Consider the 2D rotation matrix \(R = \begin{bmatrix} a & -b \\ b & a \end{bmatrix}\), where \(a\) and \(b\) are real and not both nonzero. Then the "complex" eigenvalues of \(R\) can be found by solving the characteristic equation: \[ \begin{align*} \det (R - \lambda I)=0 &\Longrightarrow \lambda^2 -2a\lambda +(a^2 + b^2) = 0 \\\\ &\Longrightarrow (\lambda -(a+bi))(\lambda -(a-bi)) = 0 \end{align*} \] Thus, we get complex eigenvalues \(\lambda = a \pm bi\), and we can find comlex eigenvectors: \[ Rv_1 = \begin{bmatrix} a & -b \\ b & a \\ \end{bmatrix} \begin{bmatrix} 1 \\ -i \\ \end{bmatrix} = \begin{bmatrix} a + bi \\ b - ai\\ \end{bmatrix} = (a+bi)\begin{bmatrix} 1 \\ -i \\ \end{bmatrix} \] Hence, \(v_1 = \begin{bmatrix} 1 \\ -i \\ \end{bmatrix}\) is an eigenvector corresponding to the eigenvalue \(\lambda = a + bi\). Moreover, the complex conjugate of \(\lambda\), denoted \(\bar{\lambda} = a - bi\), is an eigenvalue with its corresponding eigenvector \(v_2 = \begin{bmatrix} 1 \\ i \\ \end{bmatrix}\). Therefore, we can diagonalize \(R\) in \(\mathbb{C}^2 \,\): \[ \begin{align*} R &= PDP^{-1} \\\\ &= \begin{bmatrix} 1 & 1 \\ -i & i\end{bmatrix} \begin{bmatrix} a+bi & 0 \\ 0 & a-bi \end{bmatrix} \frac{1}{2}\begin{bmatrix} 1 & i \\ 1 & -i\end{bmatrix} \end{align*} \]
Now, we can map this representation back to \(\mathbb{R}^2\) as the polar decomposition of \(R\) into its rotation angle \(\varphi\) and scaling factor \(r\).

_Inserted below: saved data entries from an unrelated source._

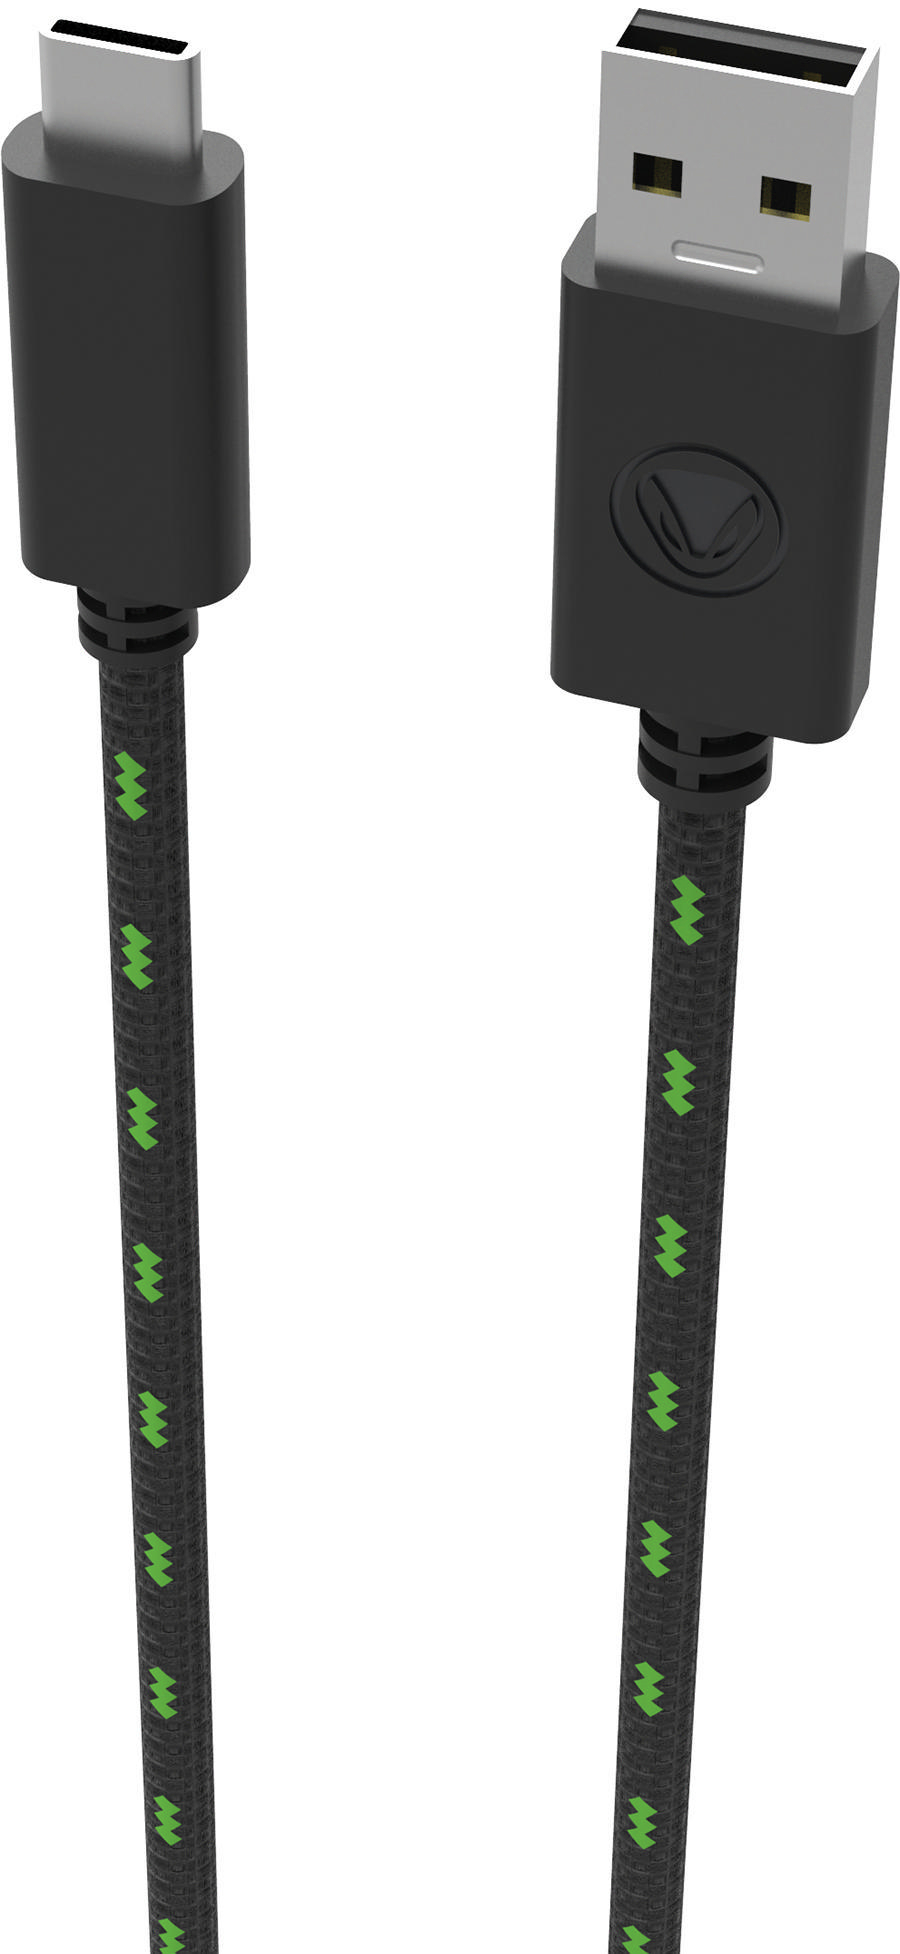 CHARGE:CABLE Zubehör Schwarz/Grün XSX (3M) für SX™ XSX, USB SNAKEBYTE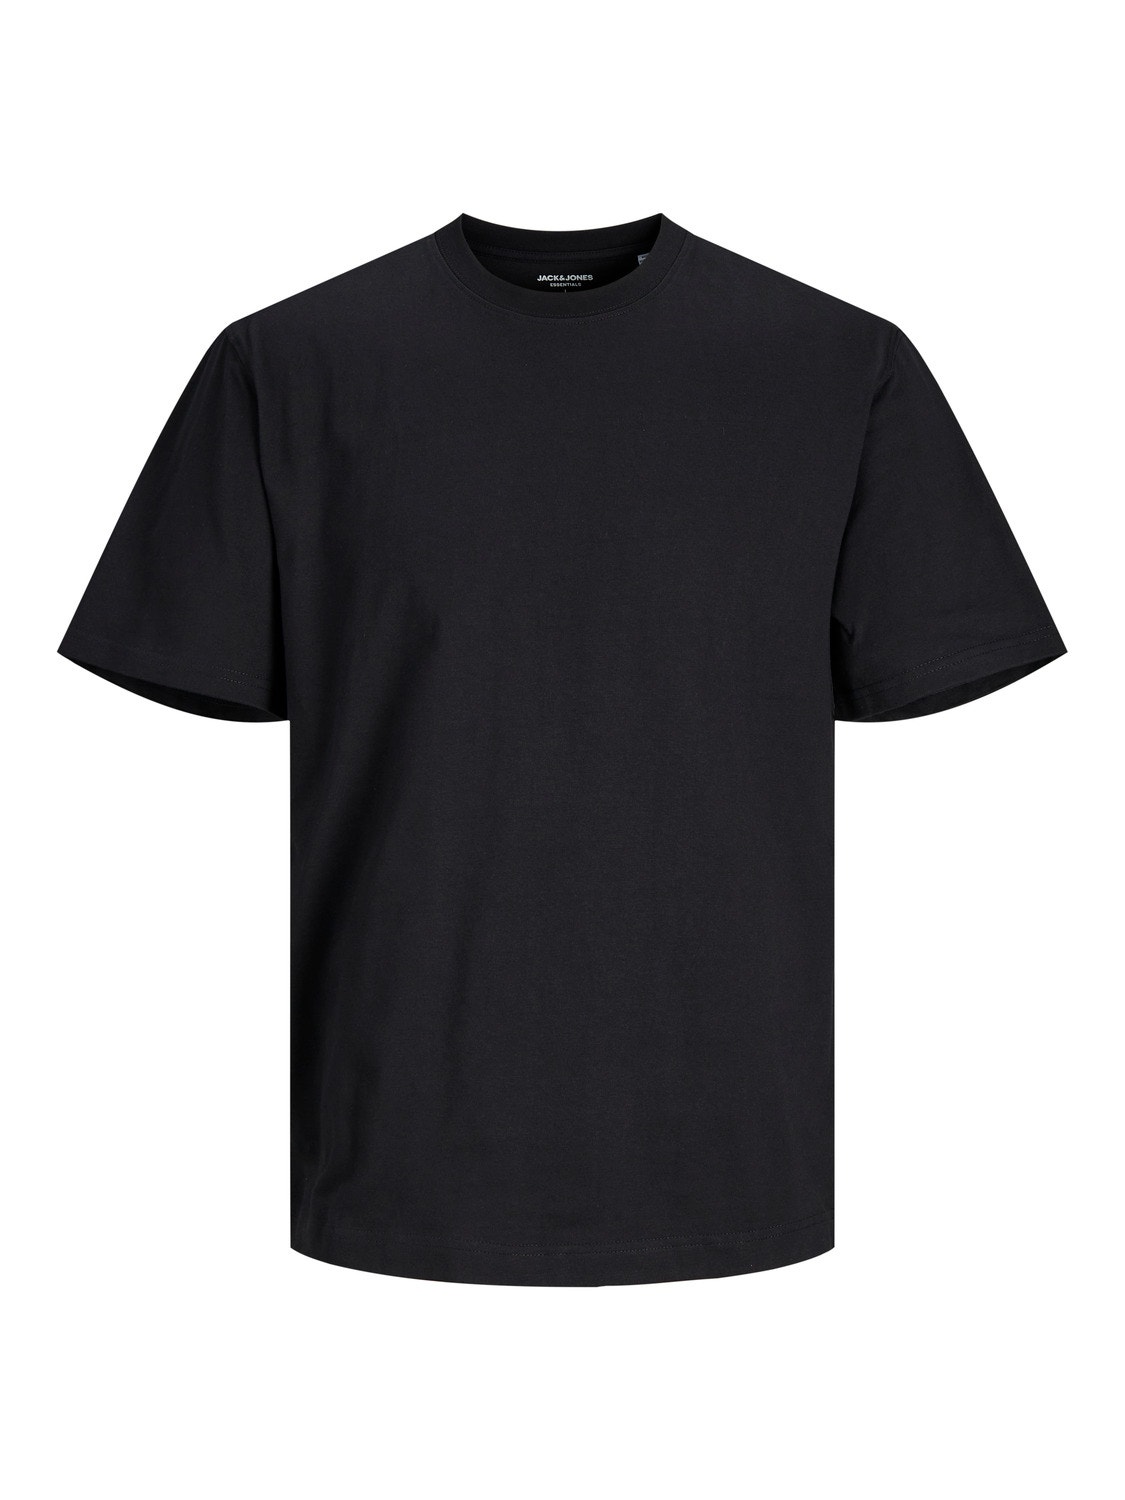 Jack & Jones Plain O-Neck T-shirt -Black - 12190467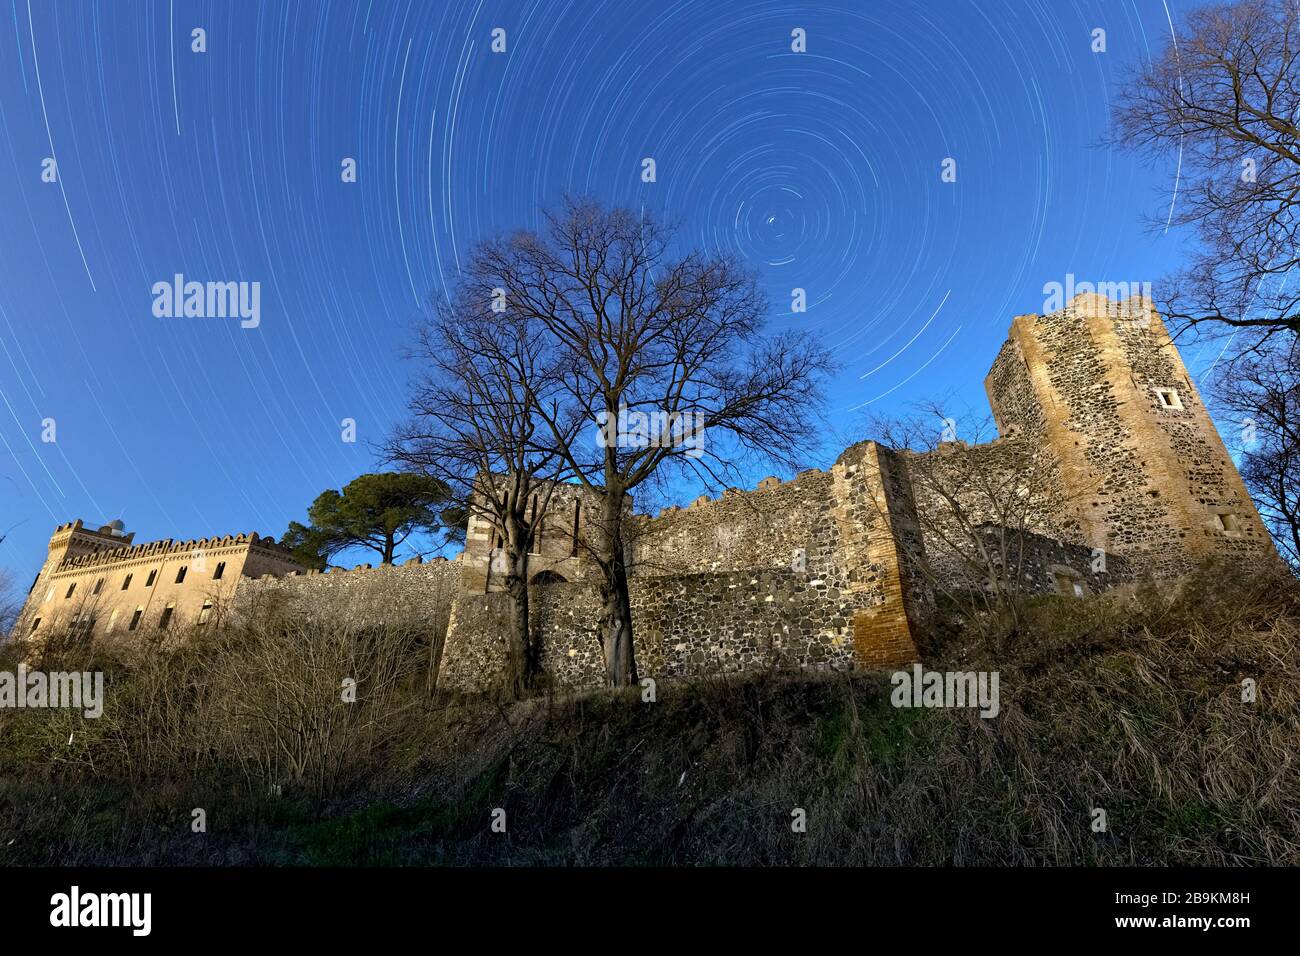 Star trails above the Maltraverso castle in Montebello Vicentino. Vicenza province, Veneto, Italy, Europe. Stock Photo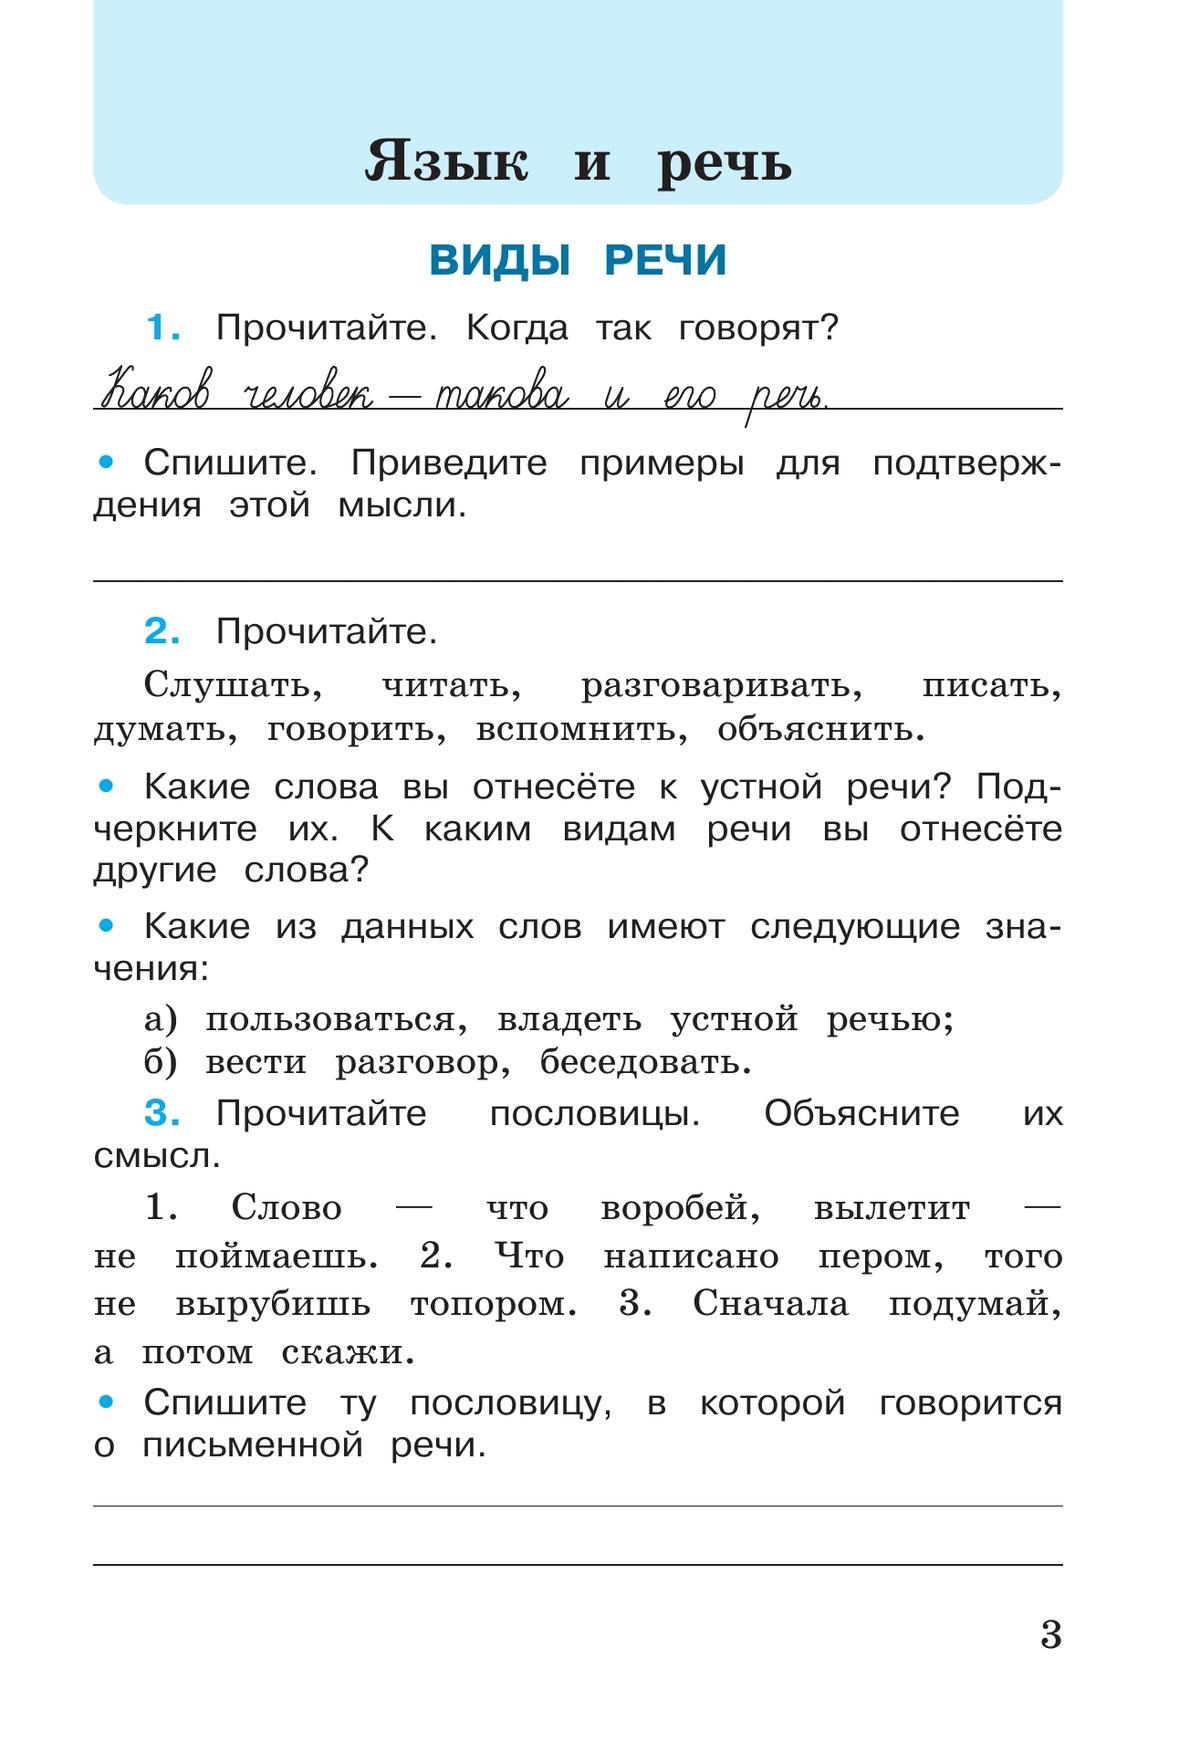 Русский язык. Рабочая тетрадь. 3 класс. В 2 частях. Часть 1 3

Let \(r = \sqrt{a^2 + b^2}\) be the magnitude of \(\lambda\), so \(|\lambda | = r \) and \(\varphi\) be the angle(argument of \(\|\lambda \| = r\)) such that \[\cos \varphi = \frac{a}{r}, \quad \sin \varphi = \frac{b}{r}.\] Then \(R\) can be written in polar form as: \[ \begin{align*} R &= r \begin{bmatrix} \frac{a}{r} & \frac{-b}{r} \\ \frac{b}{r} & \frac{a}{r} \\ \end{bmatrix} \\\\ &= \begin{bmatrix} r & 0 \\ 0 & r \\ \end{bmatrix} \begin{bmatrix} \cos \varphi & -\sin \varphi \\ \sin \varphi & \cos \varphi \\ \end{bmatrix} \end{align*} \]

Note: In general, given a nonzero complex number \(z\) corresponds to a point \((a, b)\) in the complex plane, then \( \, a = |z| \cos \varphi , \quad b = |z| \sin \varphi \, \) and so \[z = a + bi = |z| (\cos \varphi + i\sin \varphi ) = |z|e^{i\varphi} \] where \(\varphi = \arg z \, \) and \(|z| = \sqrt{a^2 + b^2}\) because \(z\cdot \bar{z} = a^2 + b^2\).